A Decent Snapchat Machine
All three G4 models come with a 5MP front-facing camera, complete with an onscreen flash, so they can can capture a decent selfie even in low light.
The 8MP camera on the G4 Play won't wow you, and the 13MP camera on the standard G4 isn't as sharp as its 16MP bigger brother. But all three do an okay job of capturing your surroundings.
As is often the case with cameras on entry-level smartphones, the caneras on all three G4 models struggled in low-light conditions and on some nature shots. In the photo above, for example, the blue sky is completely blown out and the foreground is much too dark.
On the other hand, for sharing photos across social networks and with friends, the camera on the G4 is certainly adequate.
Forget Carrier Restrictions
The G4 doesn't burden you with a monthly payment for the device, nor does it lock you into any sort of carrier contract. In fact, you can use the G4 with almost any carrier in the U.S. just by putting your SIM card in the phone. Motorola says that it has successfully tested the phone's compatibility with Verizon, AT&T, Sprint, U.S. Cellular, Consumer Cellular, and T-Mobile.
I tested it on three of the four major networks (I don't have an active Sprint SIM), and on Cricket Wireless—and I can confirm that switching carriers is easy and doesn't entail futzing with any settings on the device itself.
Why does this matter? As competition between carriers intensifies, better deals and discounts frequently become available. And with a Moto G4 phone (or any other unlocked device), instead of having to pay off the balance you owe for the phone in order to switch carriers, you can switch carriers at will.
And let's face it, if your teenager uses way too much data, you're bound to start looking for a better deal on any carrier that works in your area.
Another appealing aspect of the Moto G4 lineup is the option to customize the overall look of the G4 and G4 Plus. I'm not talking about throwing a bulky case on one, and calling it day.
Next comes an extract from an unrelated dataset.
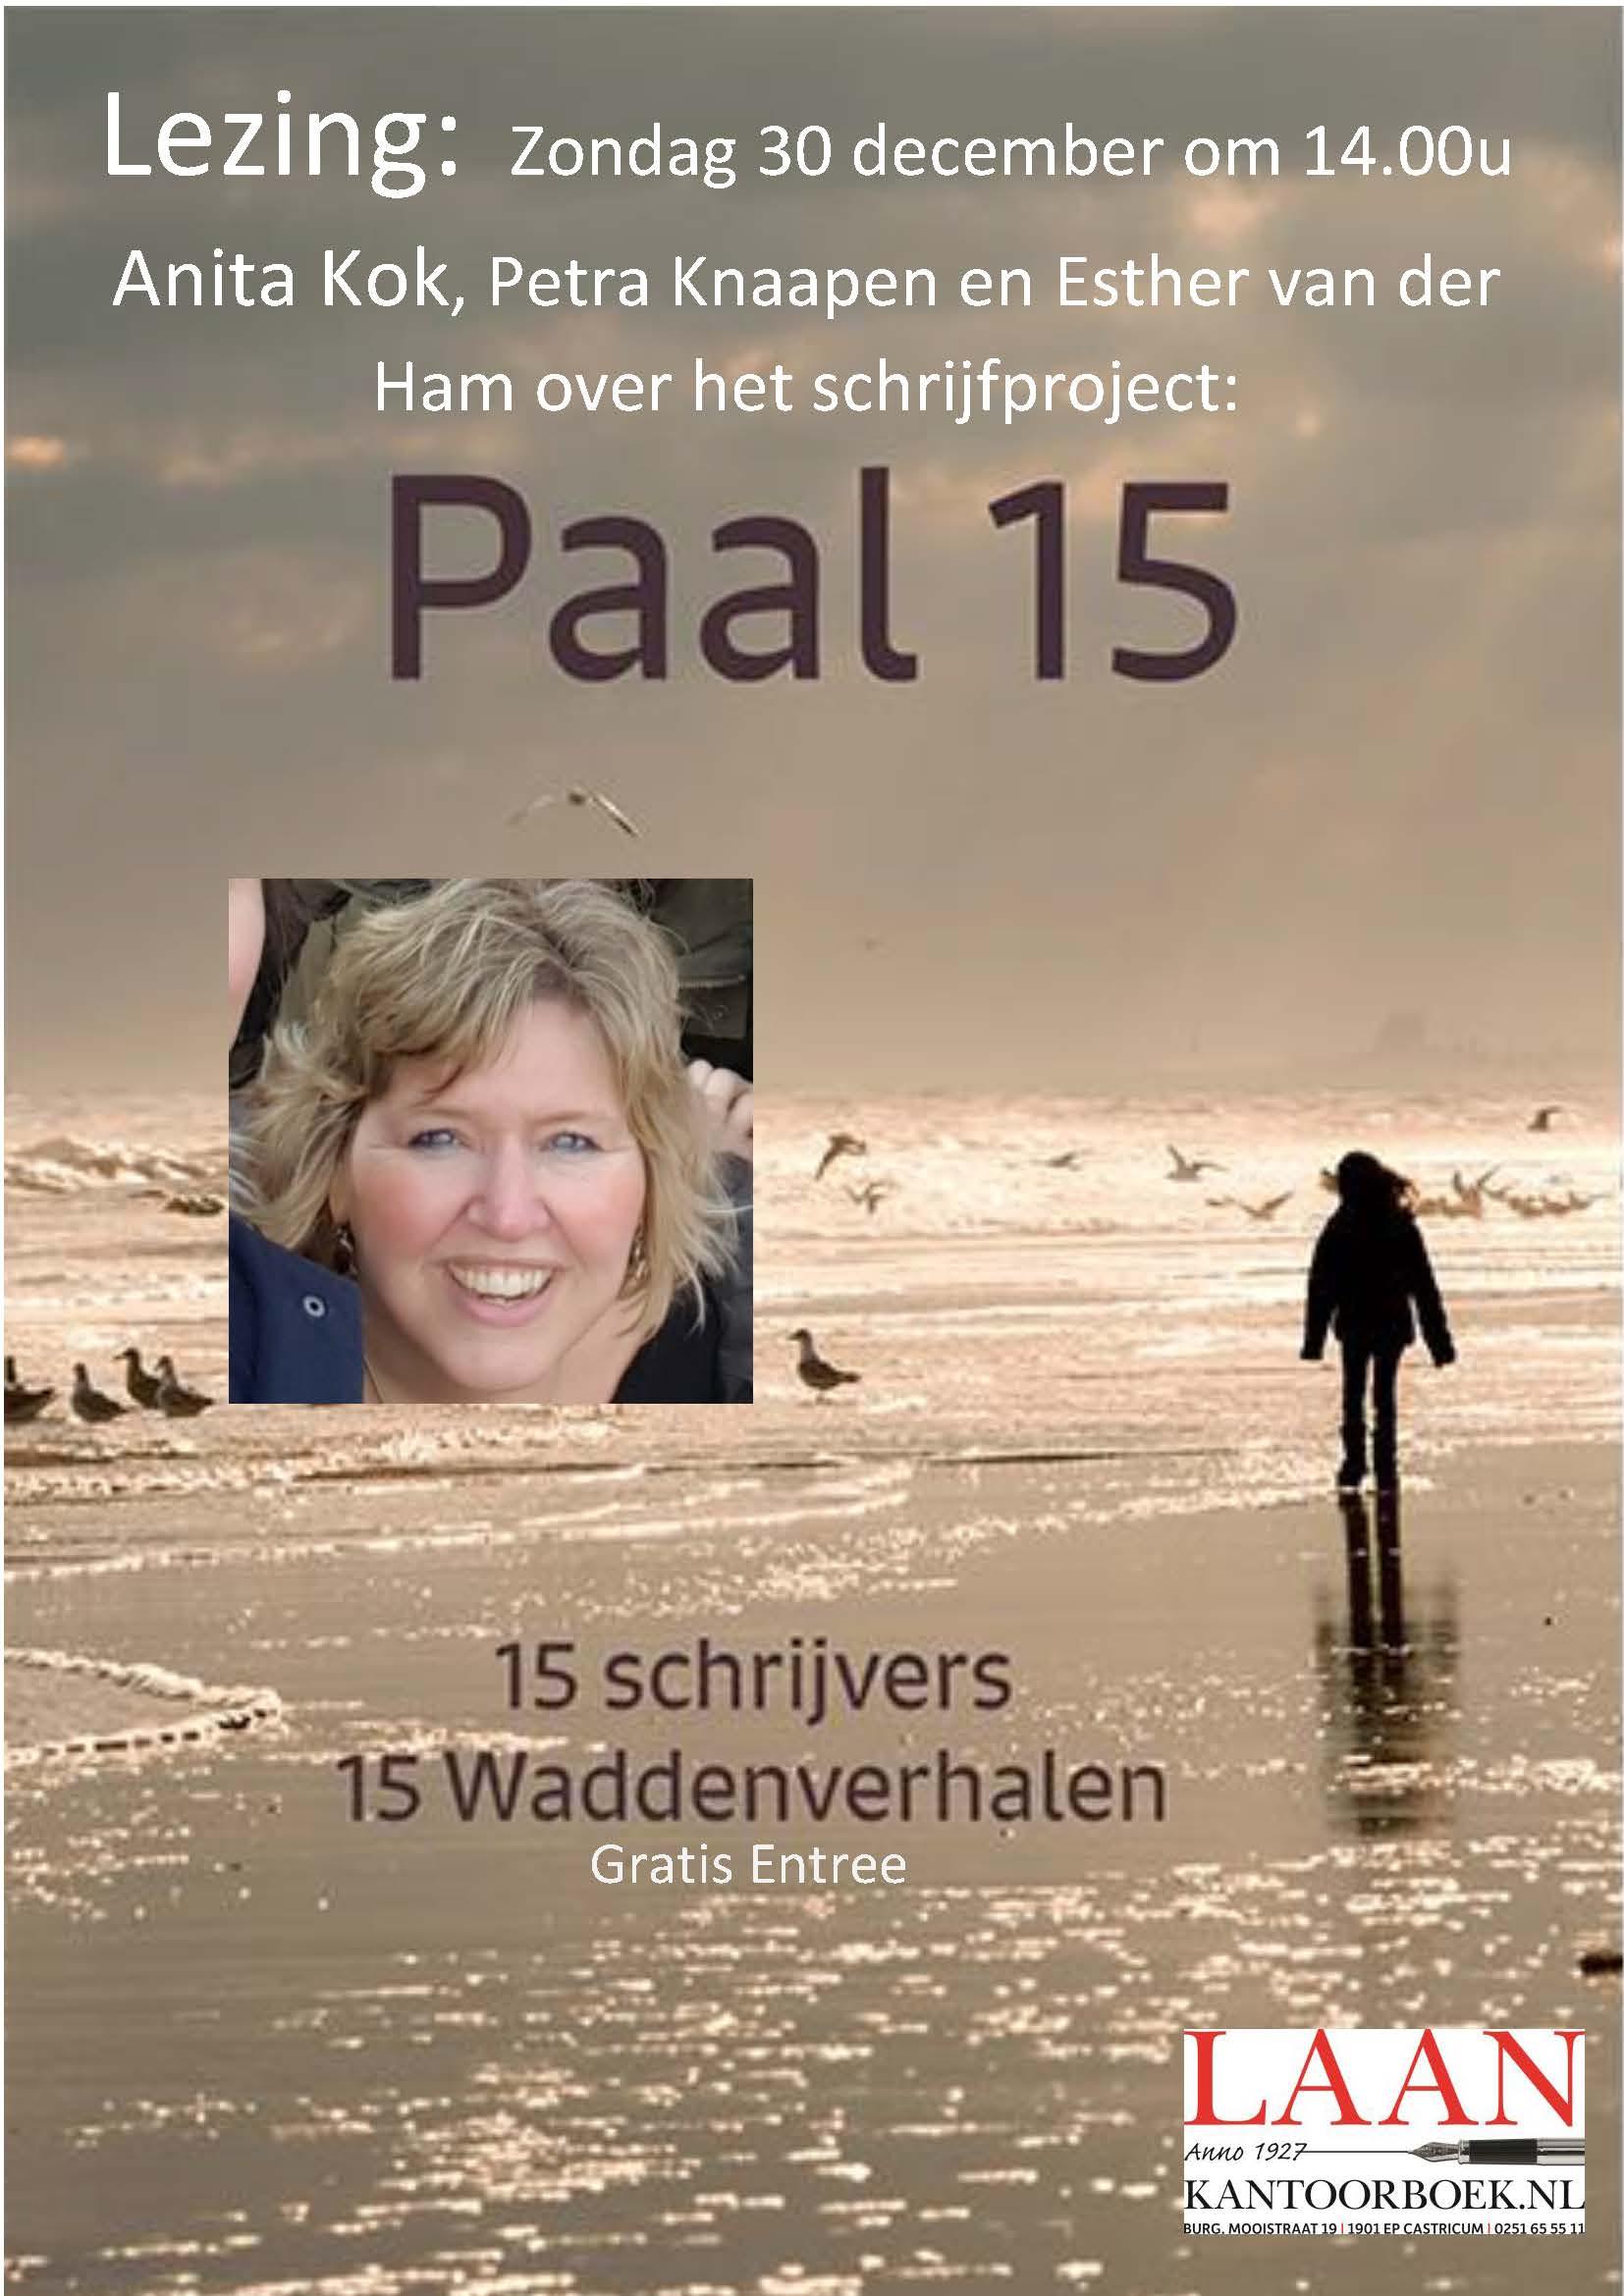 Lezing Waddenbundel Paal 15 30 december Castricum

During the purchase process at Motorola's website, you have the option to customize the front color, back color, and accent color (around the camera lens and flash) in hues ranging from black and white on the front, to pink, purple, two shades of blue, foam, and red on the back. The accent color options are silver, gray, pink, ocean, and gold.
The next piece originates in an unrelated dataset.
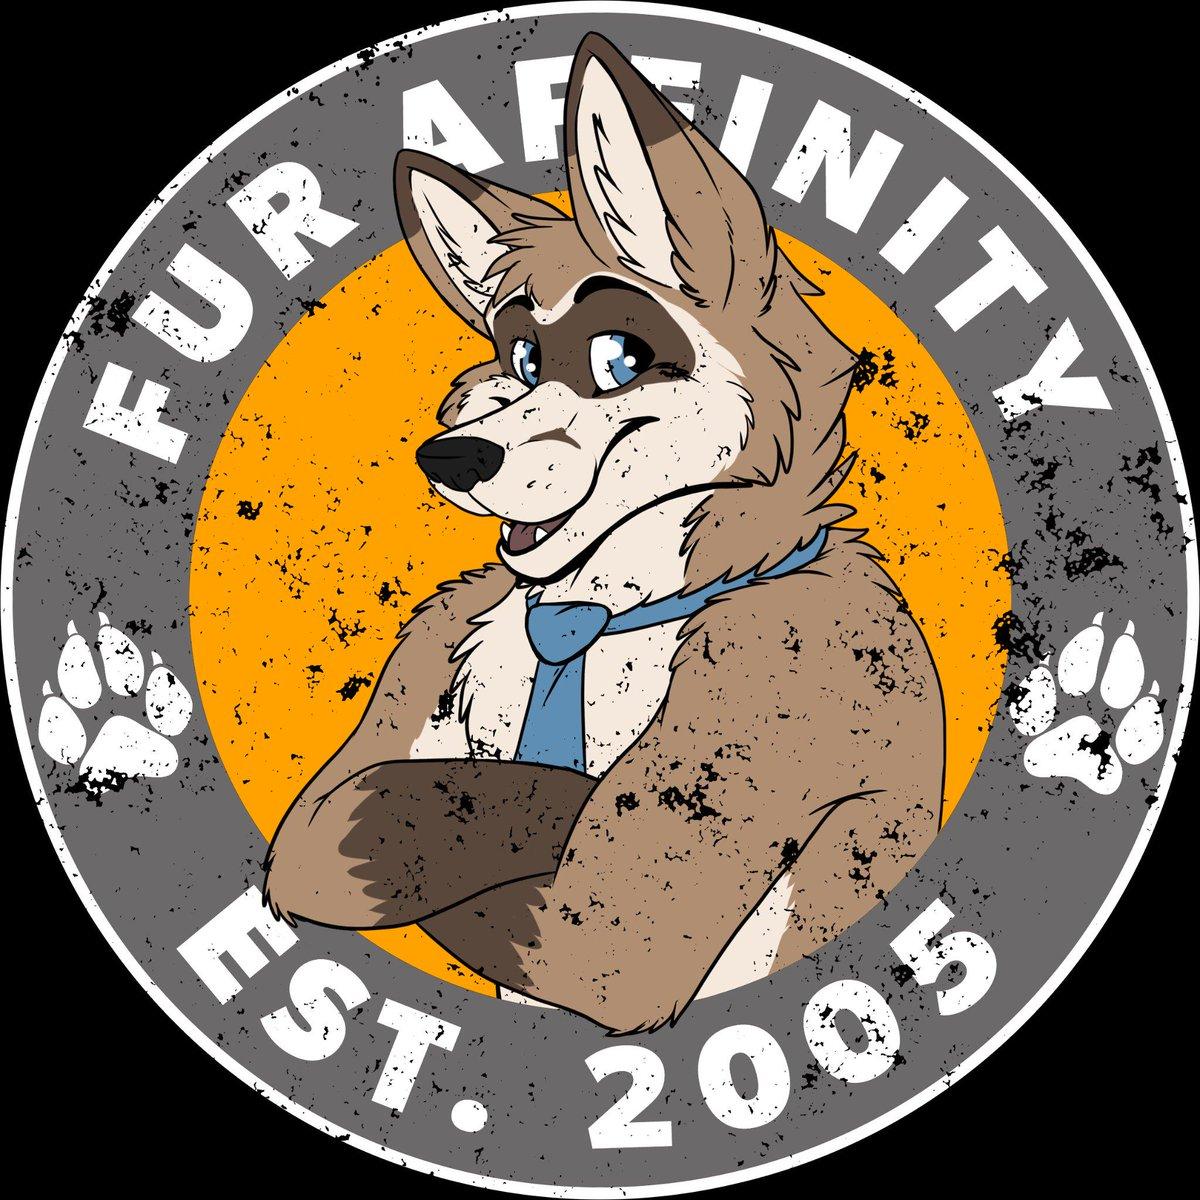 Fur Affinity on Twitter:

For an extra $5, you can engrave your name or a favorite saying on the back plate of the phone, for a further level of customization. And when the phone boots up, you can customize a short greeting that you'll see every time you restart the phone.
The G4 Play comes in any color you want, as long as you want black or white.
With this trio of G4 phones, Motorola is not simply targeting users in emerging markets, where expensive phones aren't a realistic purchase. The company is also offering budget-conscious buyers in flourishing markets an inexpensive alternative to smartphones that suffer from advanced specsheetitis with its tell-tale symptoms of feature bloat and unreasonable pricing.
On the essential criteria, the G4 Play, G4, and G4 Plus fill up a spec sheet quite nicely. But more important, they deliver on their promise to provide a satisfactory internet-connected computing experience without inducing sticker shock at the register.
At times, these phones' performance may struggle a bit, or the camera may not quite capture the shot you want, but the Moto G4 line gives you the freedom to switch carriers in pursuit of the best deal as often as you like, and you can add a personal touch to the device for free.
And with model prices starting at $150, how can you go far wrong? The G4 Play is the perfect device for parents who are trying to figure out if their tweens or teens are responsible enough to take care of a serious smartphone.